If we now go back to the concept of “equal weight” of the voters, we must conclude that no rule for decision making is really apt to give equal weights in the sense of equal possibilities to each and all of the voters. However, it may be presumed that some qualified majority rules tend to put all of the voters in a position of a fair equilibrium, while minority rules, simple majority rules, highly qualified majority rules, and finally unanimity rules inevitably result in disequilibrium for the voters concerned.
This conclusion reminds us of some insurmountable differences which we must assume exist between the process of voting and that of trading in the market under conditions of competition.
Political competition appears to be much more restricted by its very nature than economic competition, particularly if the rules of the political game tend to create and maintain disequilibria rather than work in the opposite direction.
We must conclude that there is little sense in praising the simple majority rule as the best possible rule for the political game. There is much more sense in adopting several kinds of rules according to the ends we want to reach, e.g., adopting qualified majority rules when the issues at stake are rather important for each member of the community, or adopting the unanimity rule when the issue is absolutely vital for each of them. I believe almost all of these points have been brilliantly stressed in the recent analyses based on the economic approach.

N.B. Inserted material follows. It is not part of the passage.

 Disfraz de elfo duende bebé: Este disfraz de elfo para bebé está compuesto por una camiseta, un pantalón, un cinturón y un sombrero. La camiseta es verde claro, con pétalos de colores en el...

But we must bear in mind that none of the rules adopted or adoptable in political decisions can produce a situation which is really similar to that of the market under conditions of competition. No vote trading could be sufficient to put each individual in the same situation as the operators who freely buy and sell goods and services in a competitive market.
When we consider law as legislation it can be clearly shown that the law and the market can in no way be considered similar from the point of view of the individual and his decisions.

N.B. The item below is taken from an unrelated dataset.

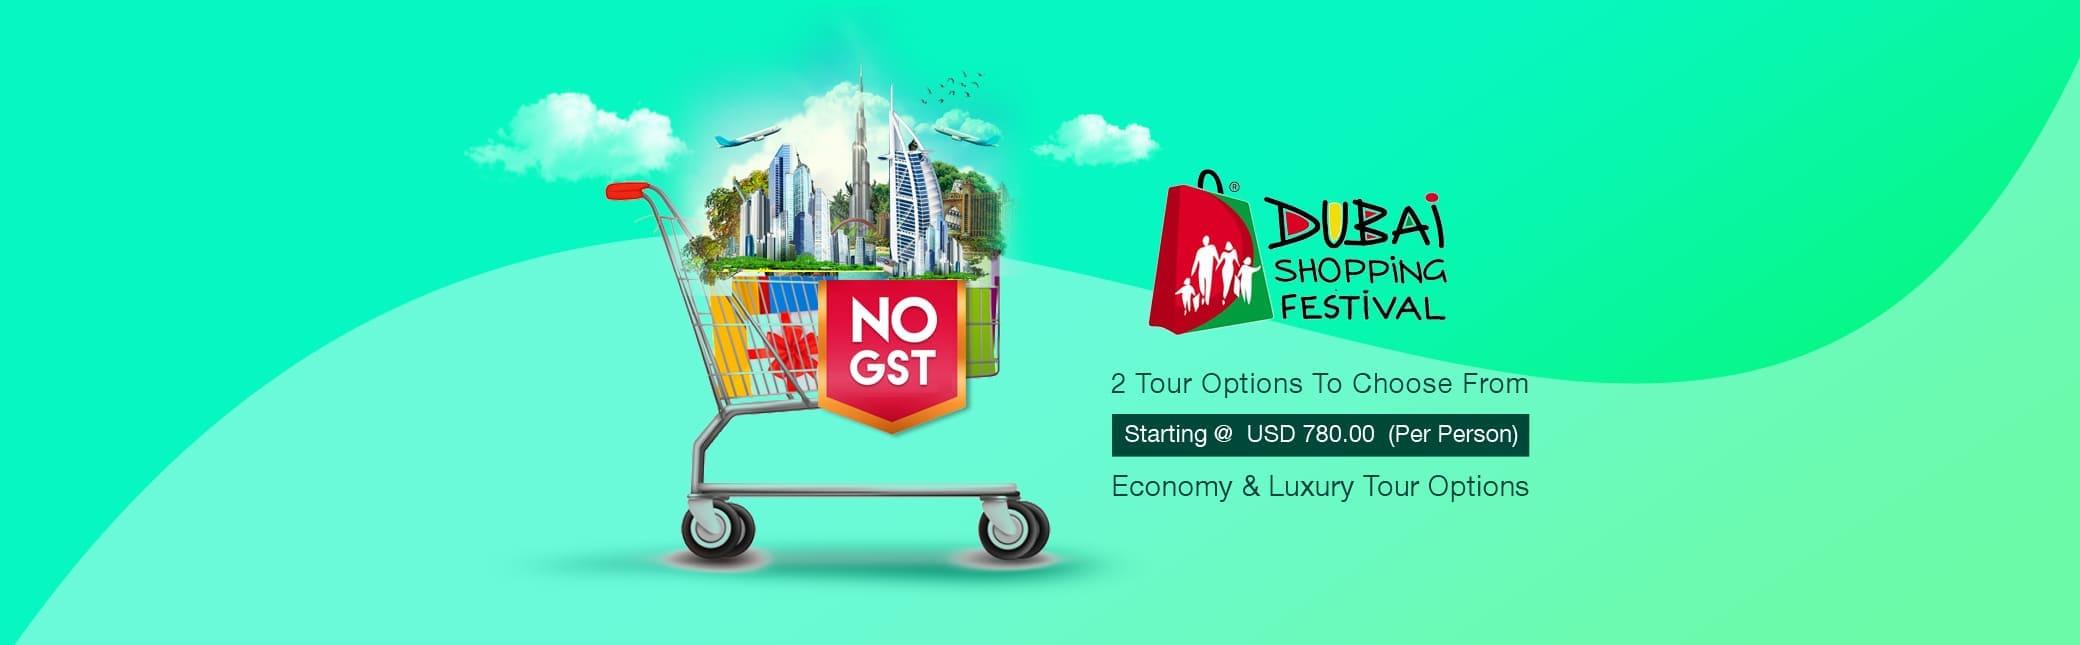 Dubai Tours GST Discount

In fact, the market process and the legislative process are inescapably at variance. While the market allows individuals to make free choices provided only that they are prepared to pay for them, legislation does not allow this.
What we should now ask and try to answer is: Can we make a more successful comparison between the market and nonlegislative forms of law?
[1 ] See Bruno Leoni, “Political Decisions and Majority Rule,” Il Politico, Vol. XXV, No. 4, 1960, pp. 724-733.
[2 ] Anthony Downs, In Defense of Majority Voting (Chicago: University of Chicago, 1960). (A mimeographed essay, it was written as a general critique of a paper by Gordon Tullock, “Some Problems of Majority Voting.” This latter paper was an early version of Chapter 10 in The Calculus of Consent.)
[3 ]The Writings of Thomas Jefferson, vol. 15, Editor in Chief, Andrew A. Lipscomb (Washington, D.C.: The Thomas Jefferson Memorial Association of the United States, 1904), p. 127.
[4 ] See “The Great Political Superstition,” The Man Versus the State, Herbert Spencer (Indianapolis: Liberty Fund, Inc., 1981), p. 129.
[5 ] A. Lawrence Lowell, Public Opinion and Popular Government (New York: Longmans, Green, & Co., 1913).
[6 ] Frederic Bastiat, Selected Essays on Political Economy (New York: D. Van Nostrand Co., 1964), p. 144.